"""
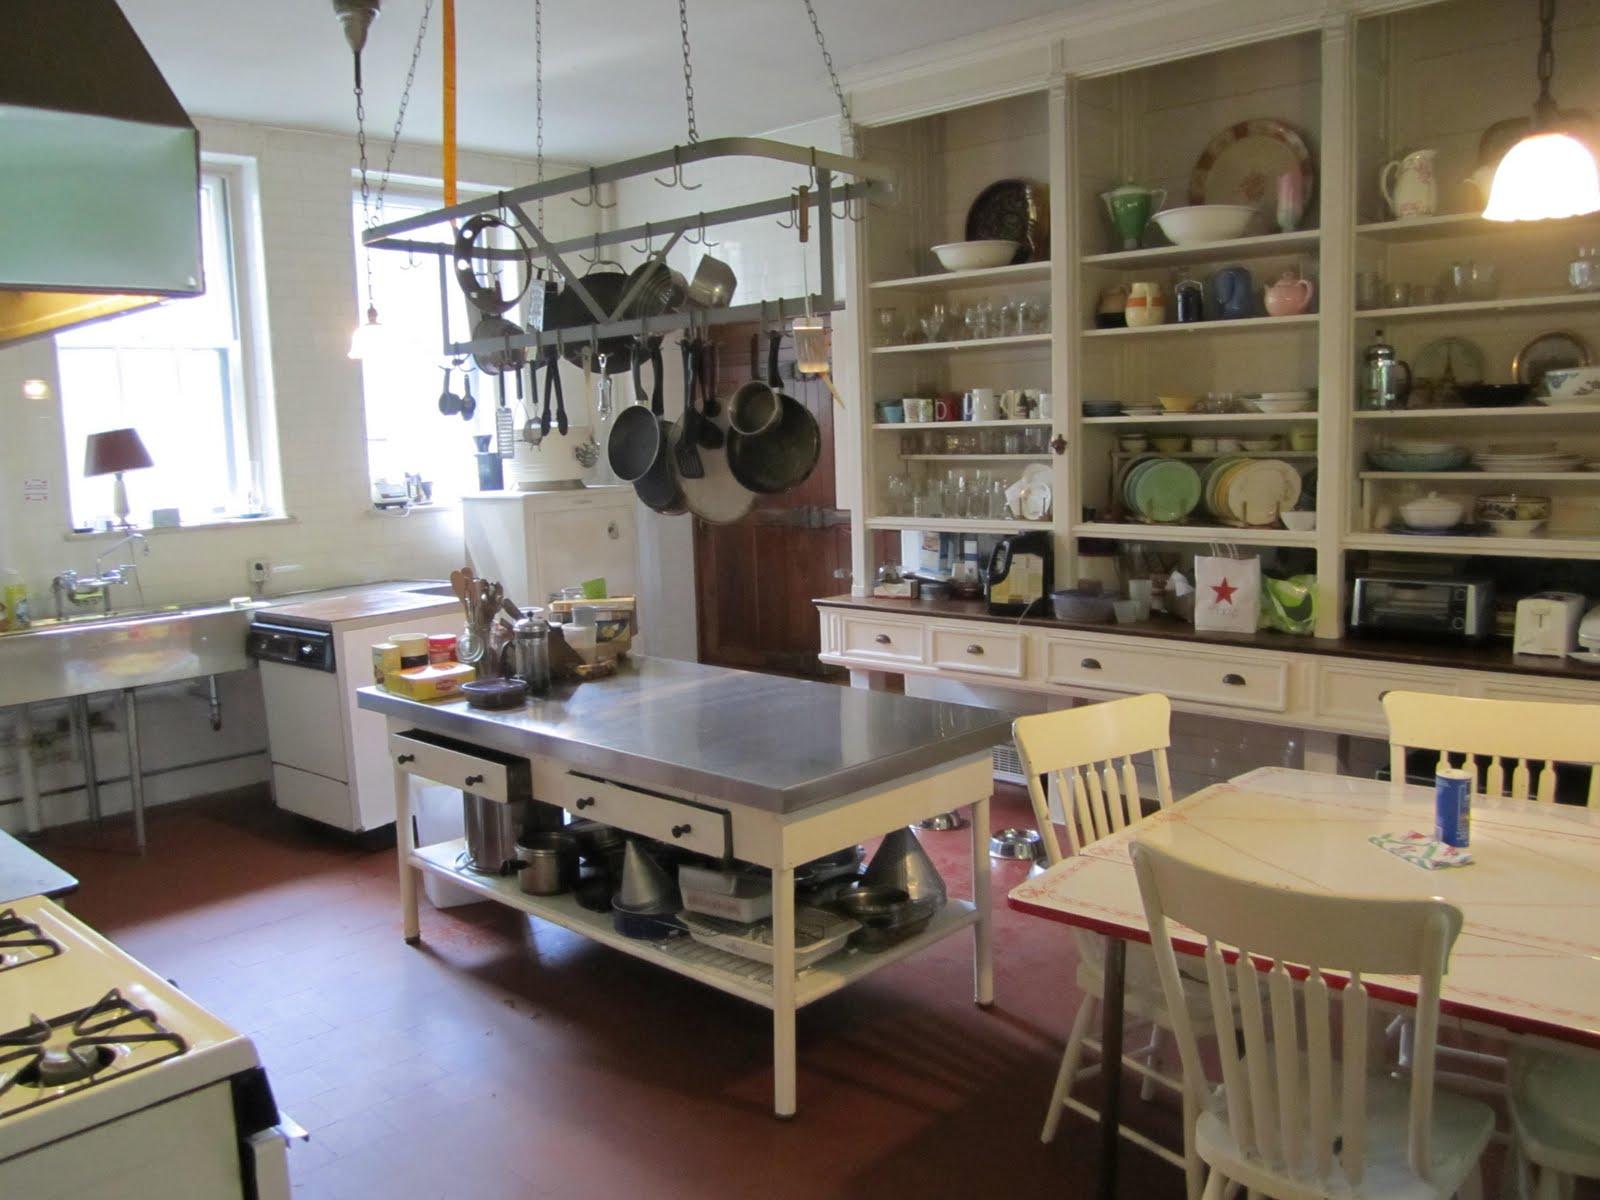 my kitchen 1 of 2 kitchen prep tables My Kitchen 1 of 2
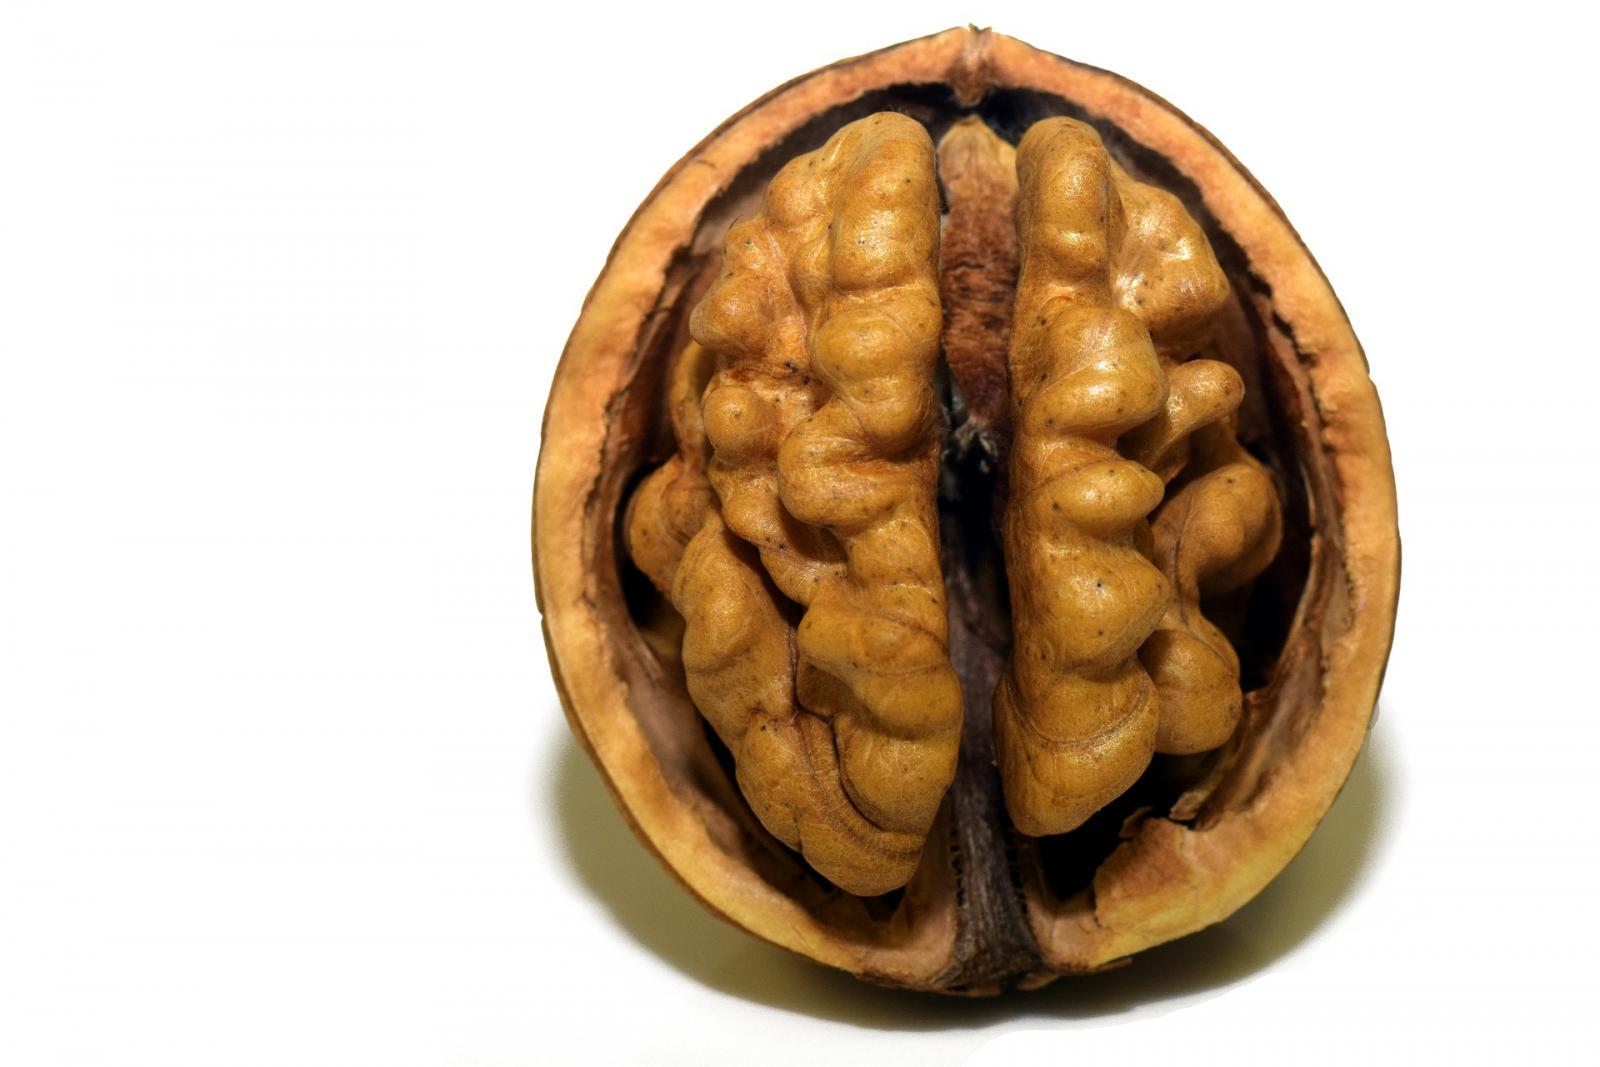 Walnut. Photo credit: Pixabay
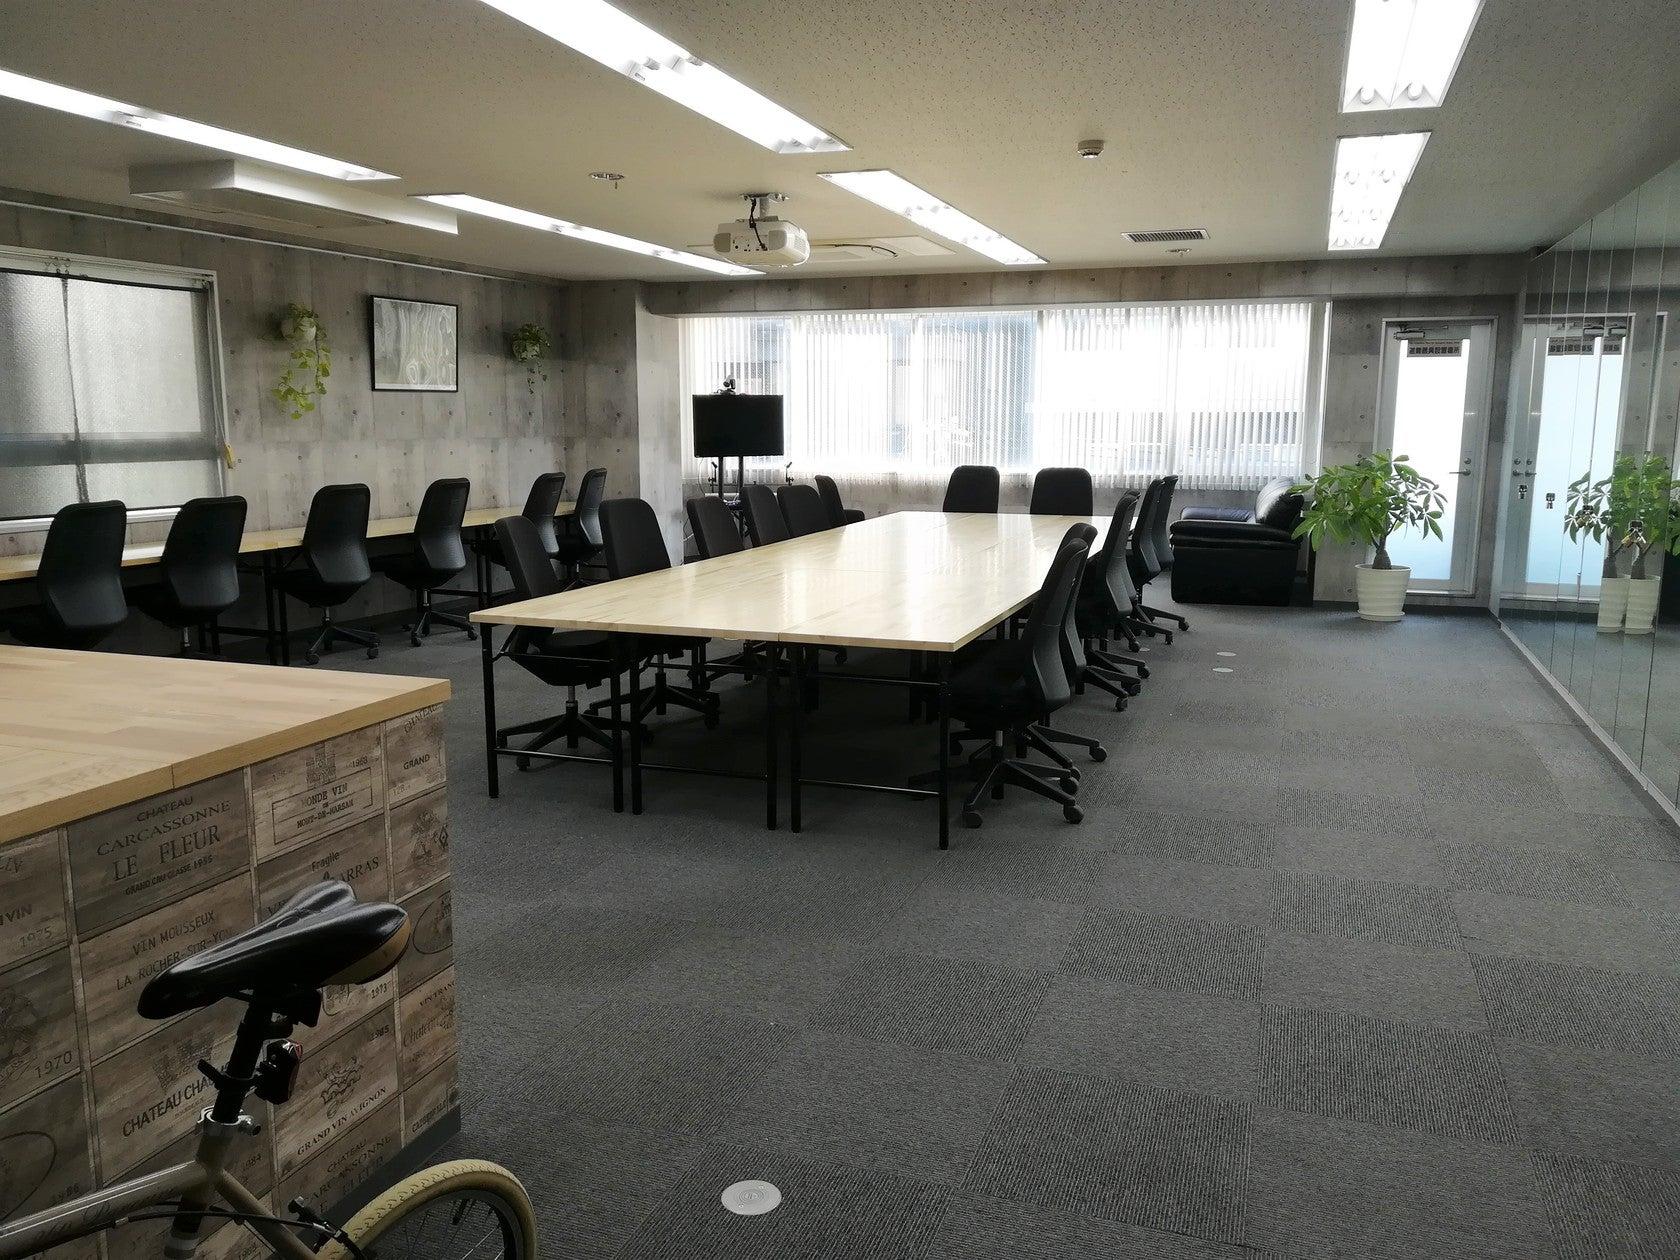 Web会議や大型スクリーンで映画鑑賞も…多様に使えるミーティングスペース demokura
"""
* What the task requires *
Output the listing above in full, exactly. No images.

* Answer section *
 my kitchen 1 of 2 kitchen prep tables My Kitchen 1 of 2
 Walnut. Photo credit: Pixabay
 Web会議や大型スクリーンで映画鑑賞も…多様に使えるミーティングスペース demokura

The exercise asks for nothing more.